Когда мама родилась, председатель бабушке подарил коробку душистого земляничного мыла, им потом вся семья много лет по праздникам мылась. А бабушку три деревни за глаза звали «подтирка председателева», хотя они и были-то вместе всего ничего – раз пять или шесть за все время, так бабушка говорила, и я ей верю. Мама моя всегда умная была и училась хорошо, читать любила. А жена председателя библиотекаршей работала, она как-то маме и говорит: прости меня, Дарья, я понимаю, что никакой вины на тебе, девочке, нет, но не могу я тебя видеть – каждый раз душа злобой переворачивается. Хочешь из колхоза в город уехать? Я мужа заставлю, он тебе бумаги сделает. Бабушка маме сказала: поезжай, здесь тебе жизни не будет, хоть и поневоле, но все одно сгубит она тебя. И по голове ее погладила; мама говорит – чуть не первый раз, когда она материну ласку помнит. Я-то хорошо помню бабушкины руки – скрюченные все, в чешуйках, и четыре ногтя черные. Меня-то она уже много ласкала. А в деревне тогда (правда или неправда) говорили: председатель после контузии даже читать толком не мог, ему всё жена читала и объясняла, как поступить, и что она скажет – то он и делает. А у них прежде-то два сына было – один за одним они погибли, мальчишки совсем, в сорок четвертом, похоронки в колхоз пришли с разницей в три недели.

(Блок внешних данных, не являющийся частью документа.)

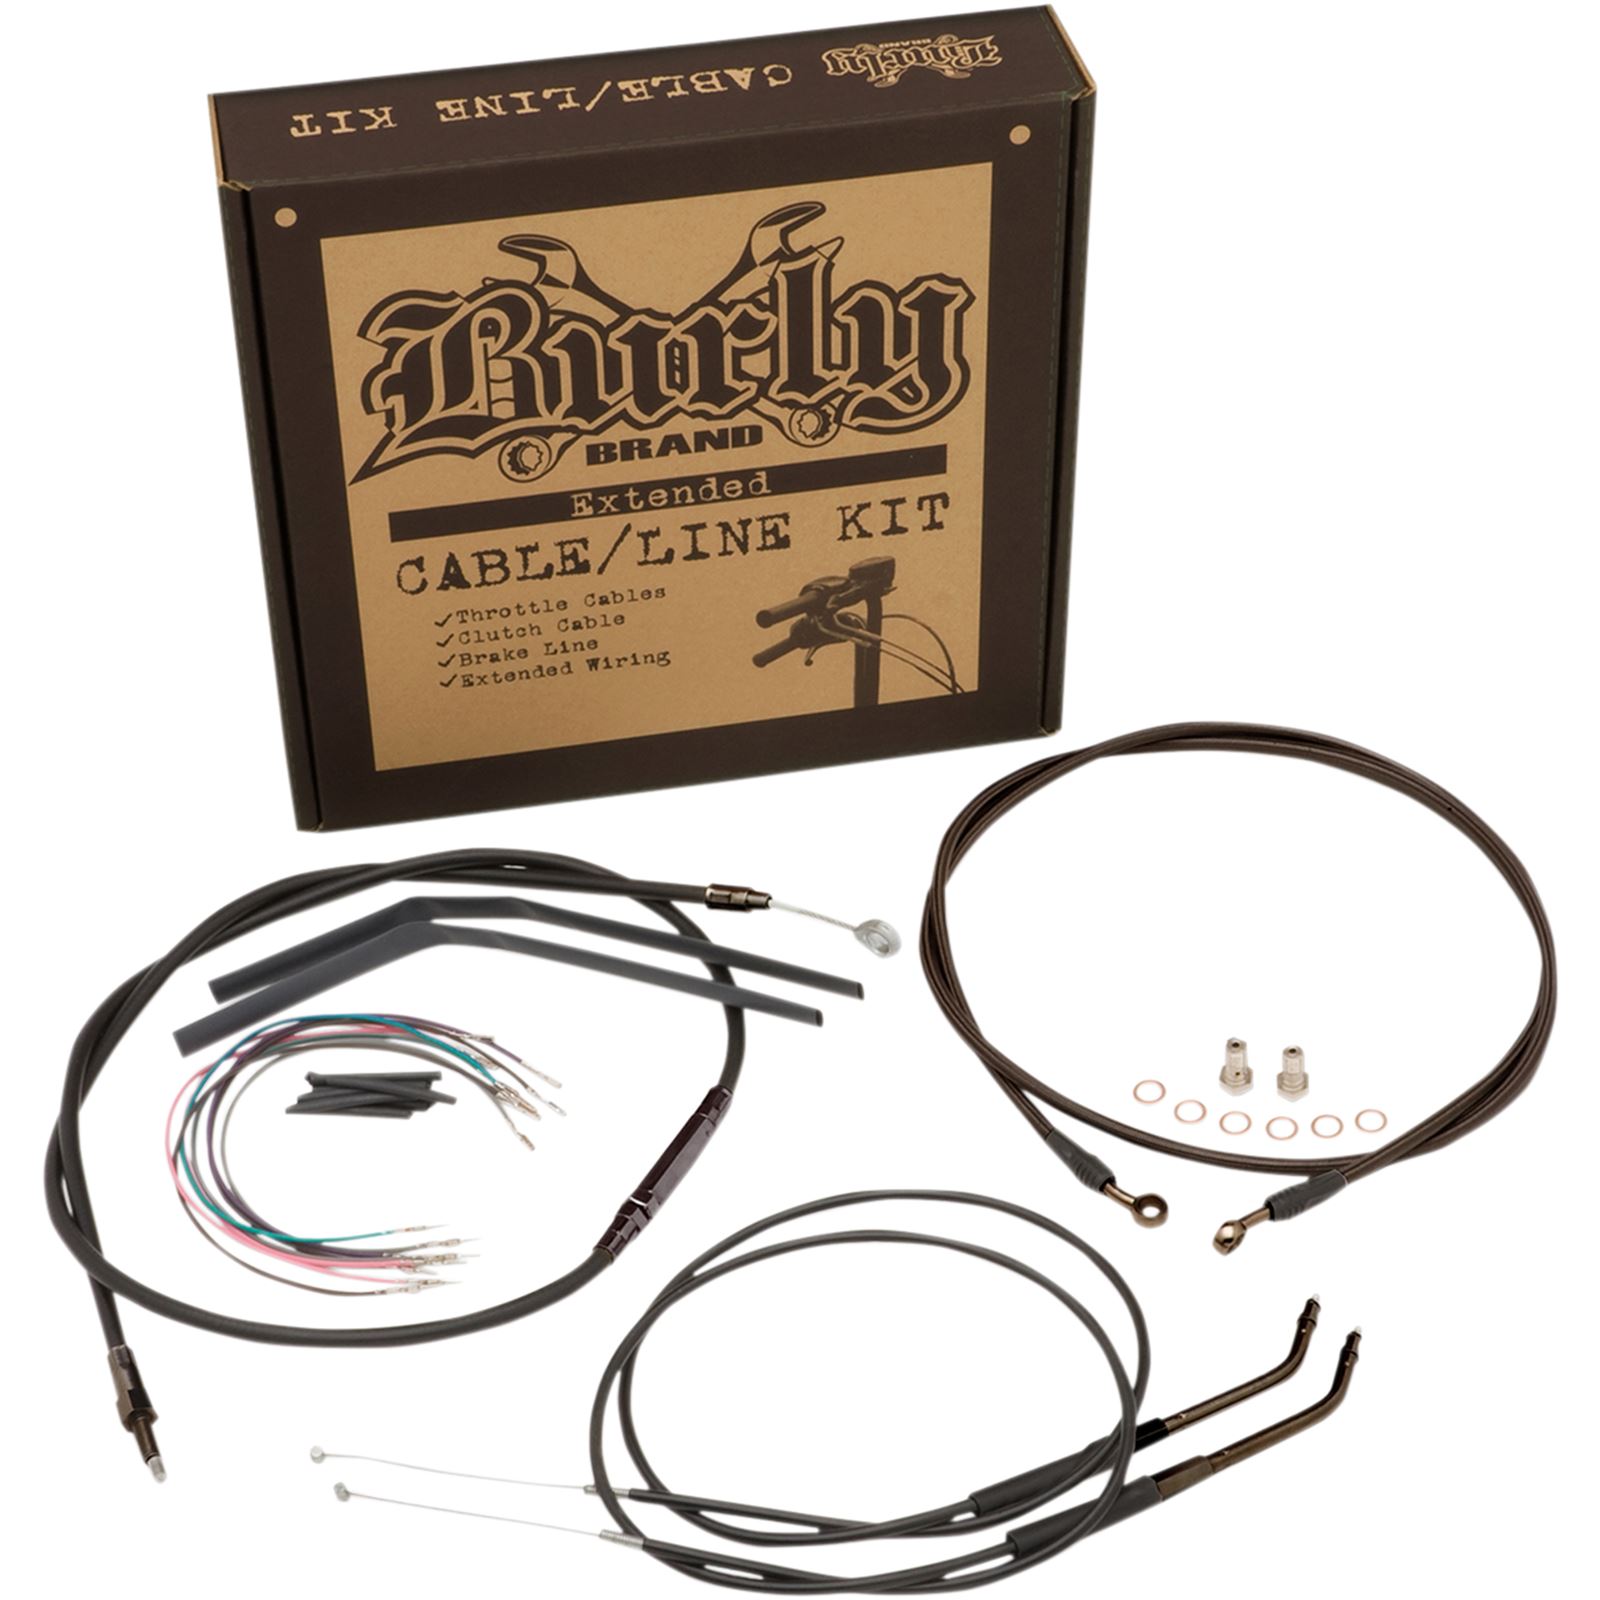 Burly Brand Vinyl Jail Bar Cable Kit For 14" Handlebars fits '07-11 FXD OPEN BOX

Мама в Ленинград уехала и поступила на завод. Жили, по ее словам, в общежитии хорошо, всего по четверо в комнате, и девочки все славные, веселые. Мама моя, я уже говорила, умная и быстро в цеху на работе освоилась, стала рационализаторские предложения вносить. У нас дома грамот за них – целая толстая папка. Там и по станкам какие-то штуки, и по организации производства. И еще у нее звание есть – «Заслуженный рационализатор республики» или что-то в этом роде. Ей потом, уже когда я родилась, через это звание и комнату в коммуналке дирекция «пробила». Тогда ведь только семьям жилье давали… Но жили они весело и интересно: праздники вместе справляли, песни пели, плясали даже (все же почти из деревни). В девичье общежитие парней не пускали, но ведь всегда можно договориться или обмануть. Маме нравились парни веселые, которые пошутить могут. Она вспоминала бабушку и думала: за молодого пойду. Мой отец, как я поняла, практику на этом заводе проходил, анекдоты хорошо рассказывал – и смешные, и политические даже. Он очень худой был, и мама его деревенскими продуктами подкармливала (она к бабушке-то регулярно ездила – с огородом помочь и вообще). Она думала, что у них любовь, и он просто стесняется шаг сделать. Когда она ему о беременности сказала, он ей предложил денег на аборт и сказал: ты же понимаешь, что я не могу своим родителям девочку из деревни, лимиту представить как свою невесту, к тому же беременную. Они нас обоих с лестницы спустят. И куда мы пойдем? Она сказала: ну что ж, прощай тогда. Он вздохнул с облегчением, уточнил: так тебе денег, значит, не надо? – и ушел.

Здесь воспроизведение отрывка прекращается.